What if it's a cheapo? I'm sure I'd follow *Mamascarlatti* and have the CDs/DVDs signed over to me in the event of divorce.

*Edit*:

And our pianos!


----------



## HarpsichordConcerto (Jan 1, 2010)

Actually, forget the diamond ring. Just buy her _The Ring_ by Wagner.


----------



## ComposerOfAvantGarde (Dec 2, 2011)

HarpsichordConcerto said:


> Actually, forget the diamond ring. Just buy her _The Ring_ by Wagner.


Buy her Der Ring and keep it for yourself. Perfect.


----------



## Sid James (Feb 7, 2009)

HarpsichordConcerto said:


> I have only one advice: make sure your prenuptial agreement states what happens in the event of divorce if you want the ring!


Nah...the dog is more important...they always end up fighting over the dog. Forget the ring, or the kids, or the house. So put the dog in the pre nup agreement - which are enforceable in the USA but not Down Under, I think?...



Couchie said:


> As always, you butter us up and then fail to deliver the goods.


Well I'm not a deliveryman or courier. & my name is not Siegfried, I DON'T HAVE A RING...or 'THE' Ring (but I do have a donut like Homer :lol...


----------



## Guest (Jul 13, 2012)

Whatever ring you choose, be sure to give her the correct one up front. I gave my bride to be the small wedding band, thinking I was supposed to save the one with the big diamonds for the wedding! When I told my sister, she screamed, "You idiot--you gave her the wrong one!" I tore back over to my fiancee's house and had to humbly swap them. Now that I think about, this post might belong in the "Bloopers" thread!


----------



## Couchie (Dec 9, 2010)

Kontrapunctus said:


> Whatever ring you choose, be sure to give her the correct one up front. I gave my bride to be the small wedding band, thinking I was supposed to save the one with the big diamonds for the wedding! When I told my sister, she screamed, "You idiot--you gave her the wrong one!" I tore back over to my fiancee's house and had to humbly swap them. Now that I think about, this post might belong in the "Bloopers" thread!

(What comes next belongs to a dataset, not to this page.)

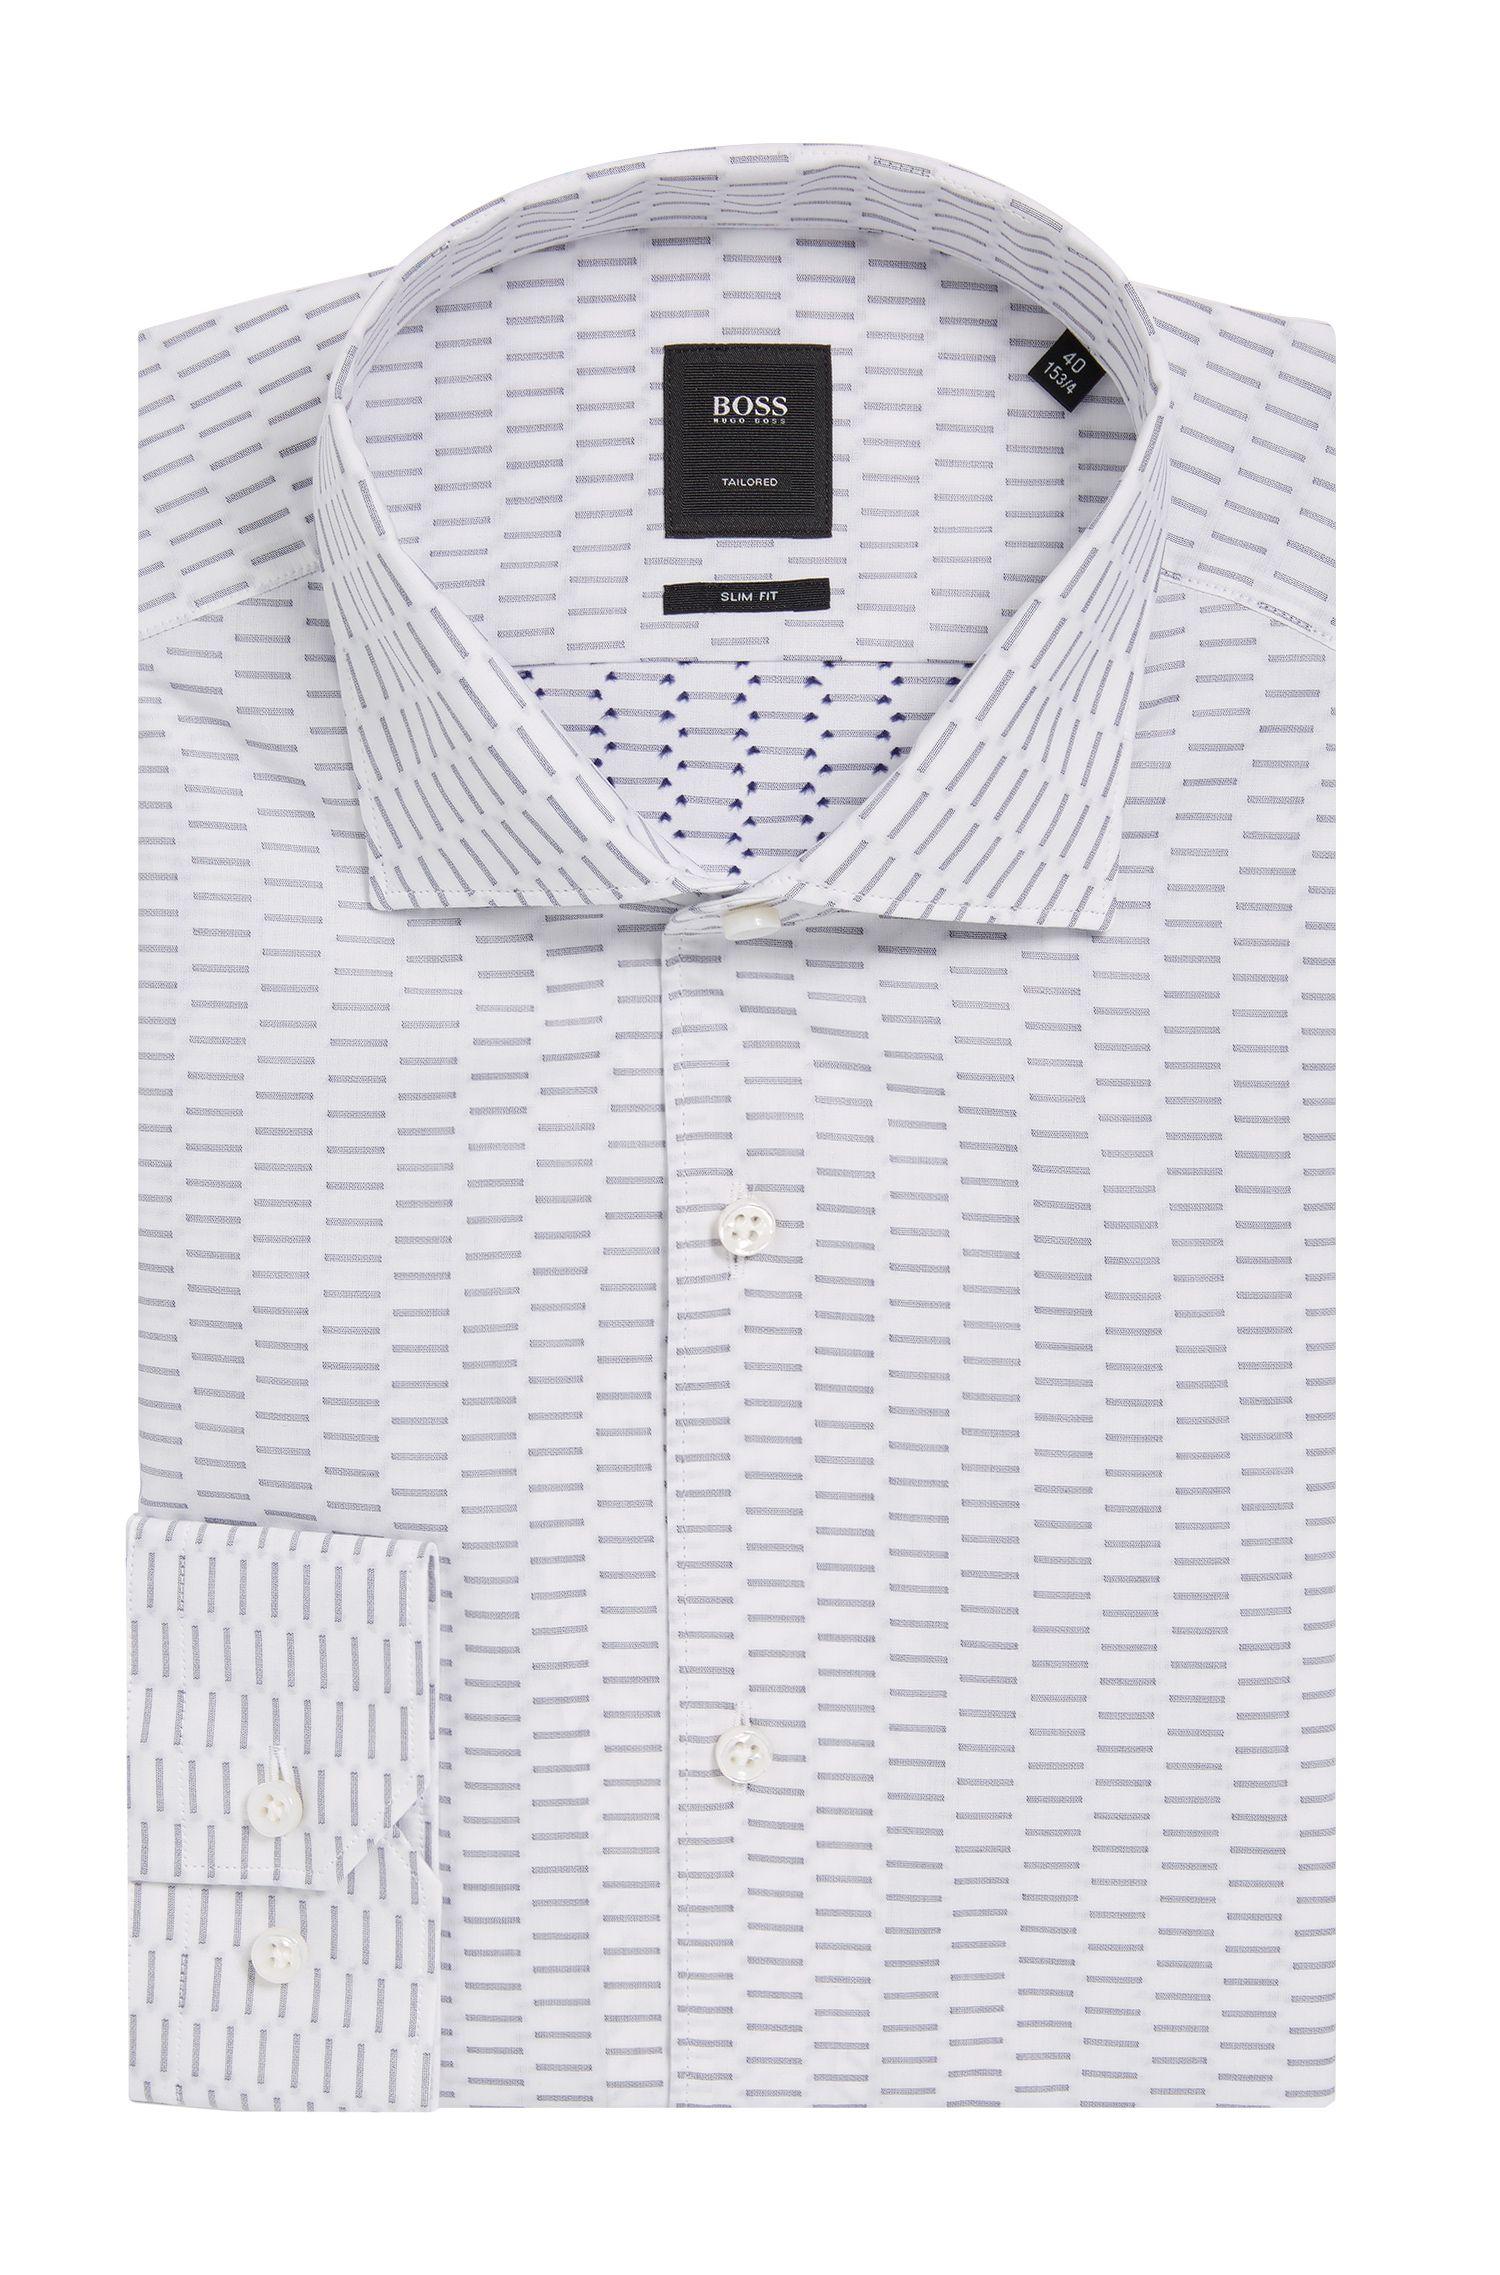 Dash Print Cotton Dress Shirt, Slim Fit   T-Steven

These are the perils of not watching chick flicks as a guy. :lol:


----------



## superhorn (Mar 23, 2010)

Why is marriage like a three ring circus ? First, there's the engagement ring,
then the wedding ring, and then suffering !











:lol: :lol: :lol: :lol:


----------



## Cnote11 (Jul 17, 2010)

I gave my fiancee a simple ring that cost like 40 dollars. No diamonds or anything. She hates those kinds of things and didn't even care if I got her a ring. I ended up getting something customized with an engraving. I normally think engravings are cheesy, but I decided to try it out. It isn't even written in the Latin alphabet and is foreign poetry A) Because it was something she liked a lot B) I know she finds it aesthetically pleasing. In the end, I did something cheap and more personal than a diamond ring, which I consider a success. Her mother actually stole the ring for awhile, not realising what it was, because she really liked it herself. Oh well. I doubt we're going to have a wedding, either.


----------



## Klavierspieler (Jul 16, 2011)

Fools! You must make it of _mithril_ mined by dwarves in Khazad-dûm, and forge it in the very Cracks of Doom! Only then will it be truly meaningful.


----------



## Couchie (Dec 9, 2010)

Another thing - how many people would get married to the march from Lohengrin if they knew the story?


----------



## Sid James (Feb 7, 2009)

So, as I said earlier, Homer Simpson gave Marge a donut instead of a diamond ring. Here are other 'creative' options:

- Hoola Hoop









- Quoits









- Fruitloops









- Calimari rings (yum!)









- Horror movie 'The Ring'


----------



## Couchie (Dec 9, 2010)

Calamari would be a definite "I do" for me.


----------



## MaestroViolinist (May 22, 2012)

FRUIT LOOPS! Definitely.


----------



## Sid James (Feb 7, 2009)

Public art to give to your beloved.

'Bonds of Friendship' sculpture in Sydney. Looks like a turd to me, but maybe its just me? (sorry, image to big, click link below)
http://1.bp.blogspot.com/_nbzgWbdhb...DU/YwqccW5moCY/s1600/sydney+and+Manly+010.JPG

Brick Pit Ring piece at Olympic site in Homebush, Sydney - like a roller coaster turned on its side? (click for image)
http://www.ttw.com.au/Gallery/PublicBuildings/images/25_WZ2Q6191.jpg

Artsy fartsy public 'performance art' piece - doing a nude ring in front of Munich Opera House, for Wagner's epic operafest. As long as the bods are not as hot as your beloved, and you don't perve at them, you'll be safe.


----------



## Klavierspieler (Jul 16, 2011)




----------



## ComposerOfAvantGarde (Dec 2, 2011)

MaestroViolinist said:


> FRUIT LOOPS! Definitely.


I'll keep that in mind for you, MV.


----------



## Nadia (Jul 29, 2012)

I want a BIG BIG diamond!!!!
And a husband that can buy me one...


----------